───── Provided entries

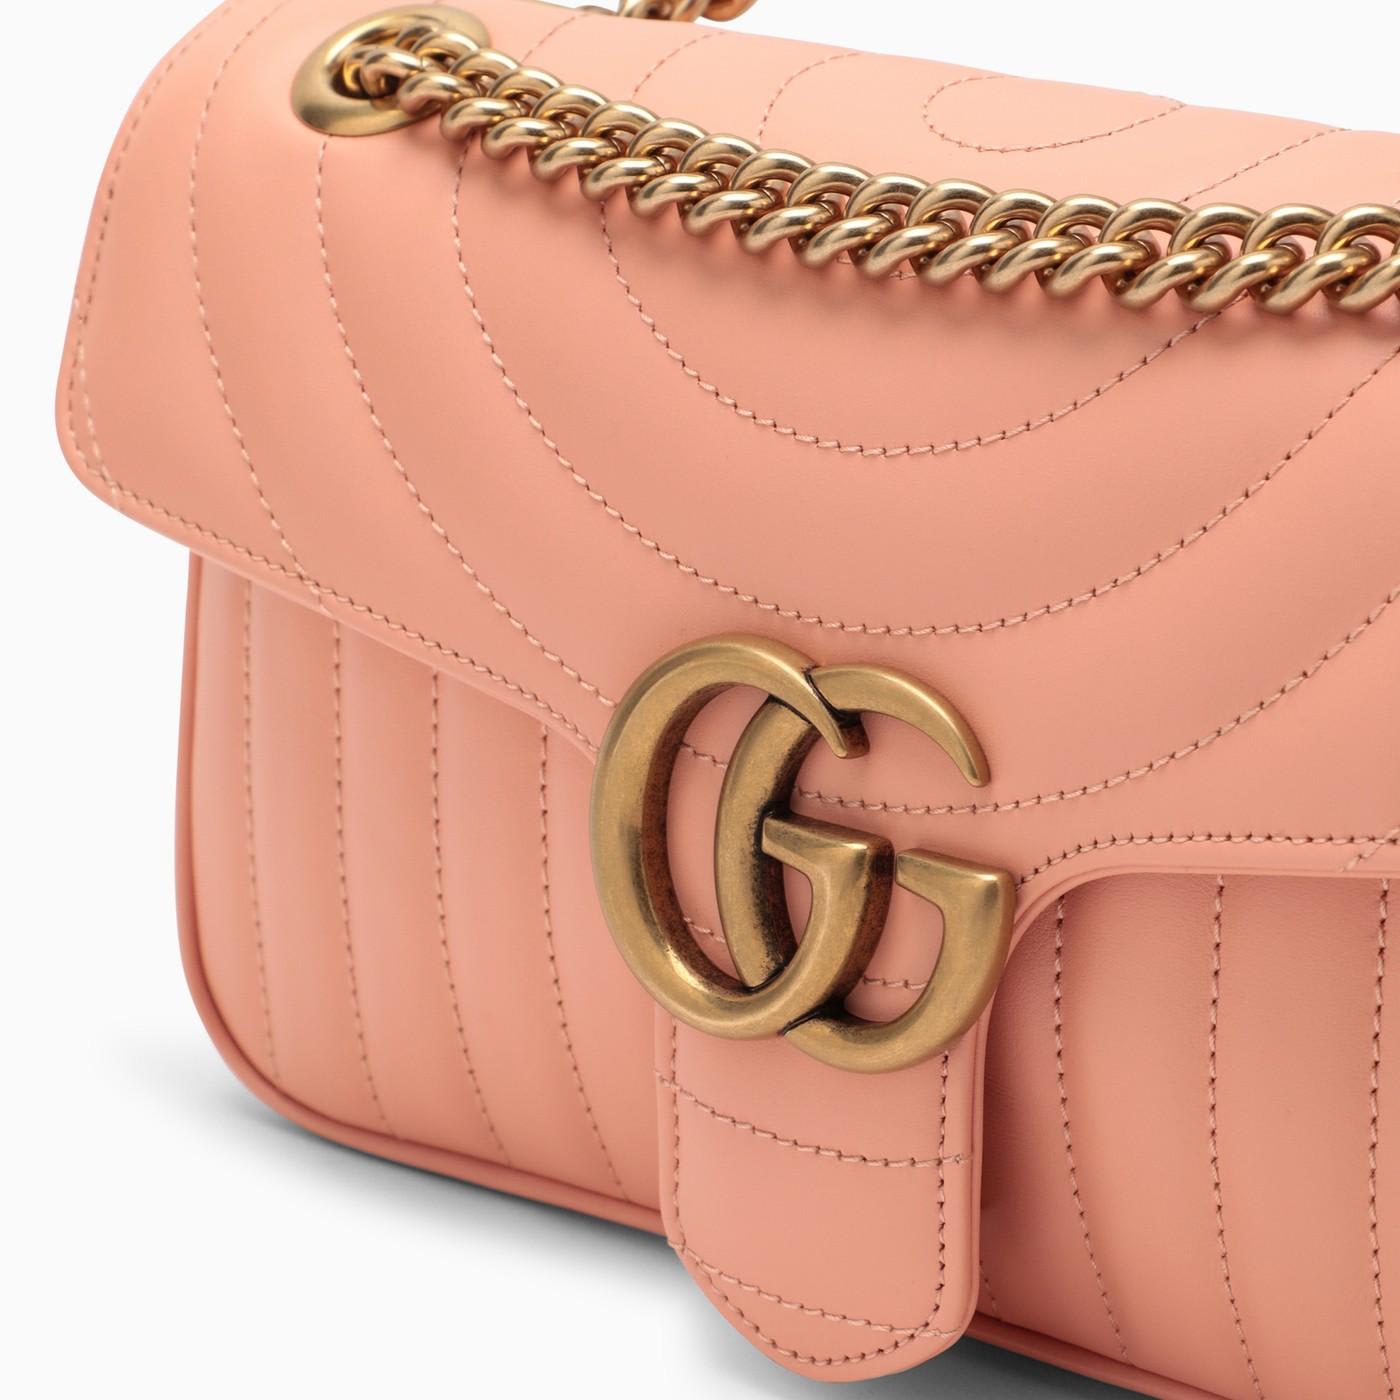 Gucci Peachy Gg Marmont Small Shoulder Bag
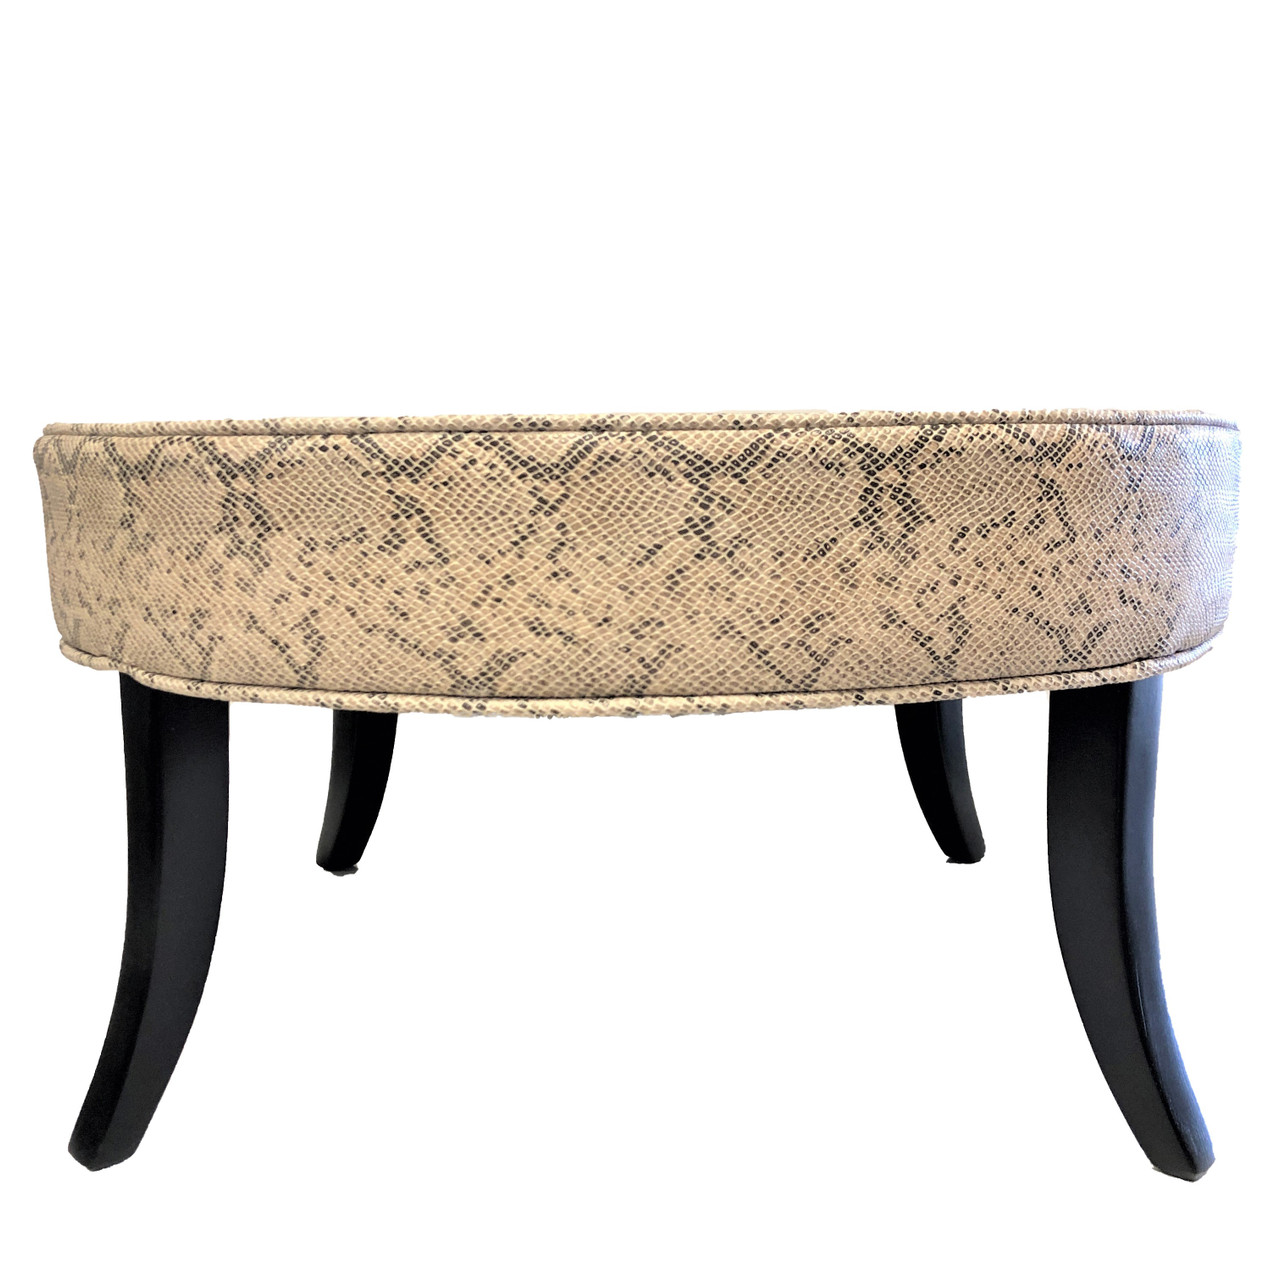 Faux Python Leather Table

──────────
───── Provided entries

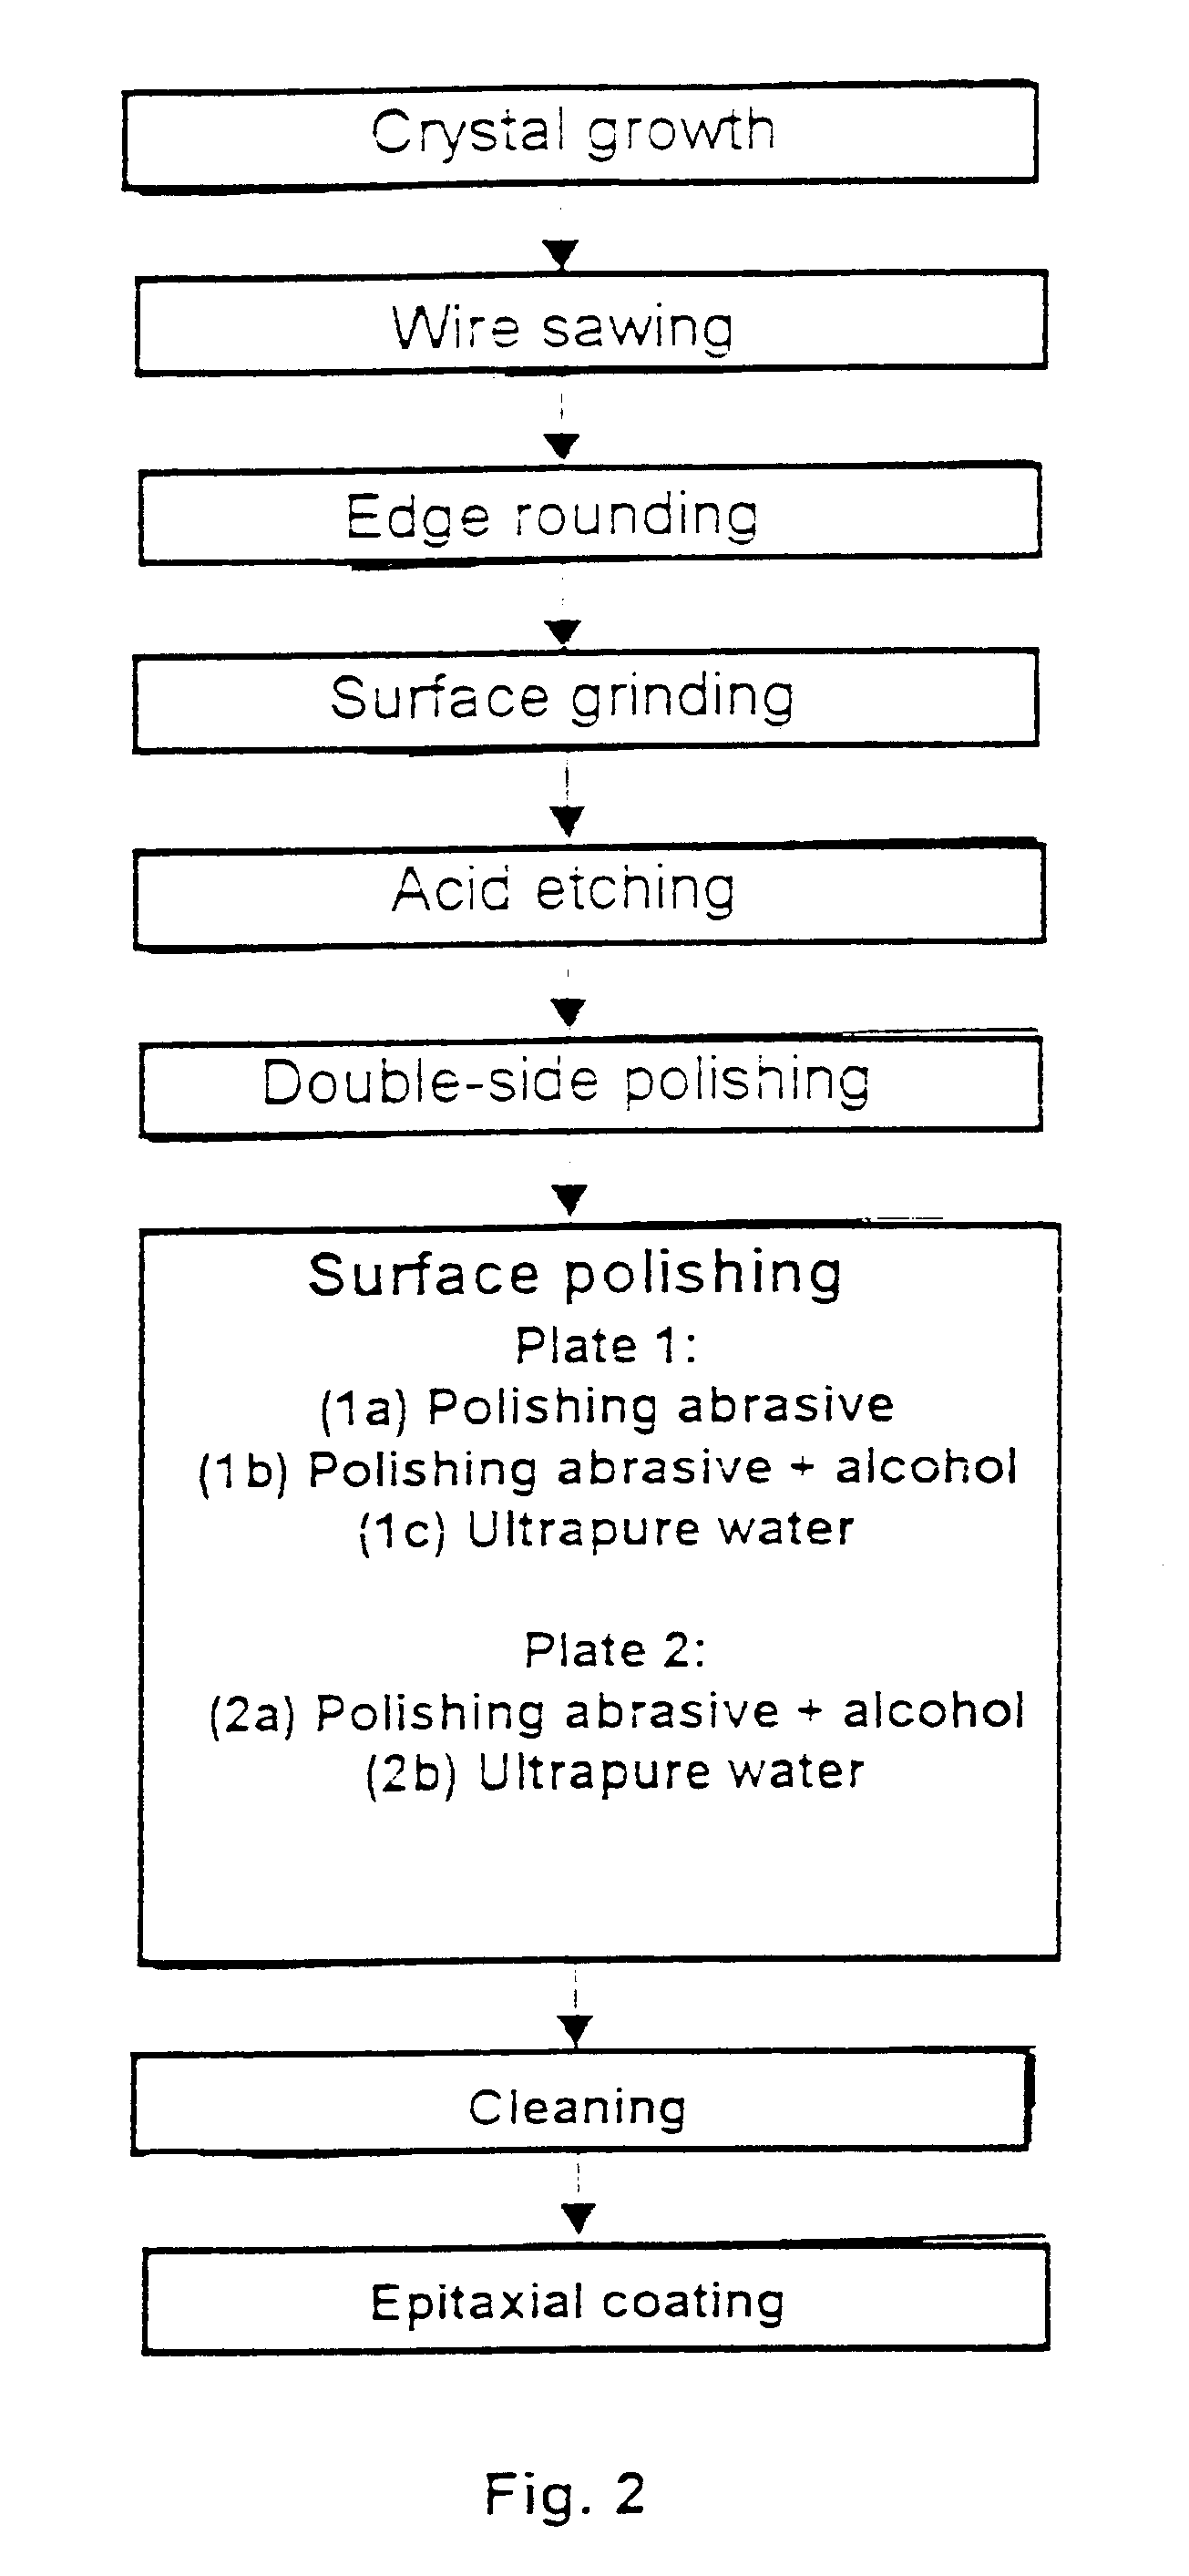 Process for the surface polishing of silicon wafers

──────────

Although the records hold pictures, the copy must not; give again exactly the lines from the one with "Gucci Peachy Gg Marmont Small Shoulder Bag" through the one with "Faux Python Leather Table".

 Gucci Peachy Gg Marmont Small Shoulder Bag
 Faux Python Leather Table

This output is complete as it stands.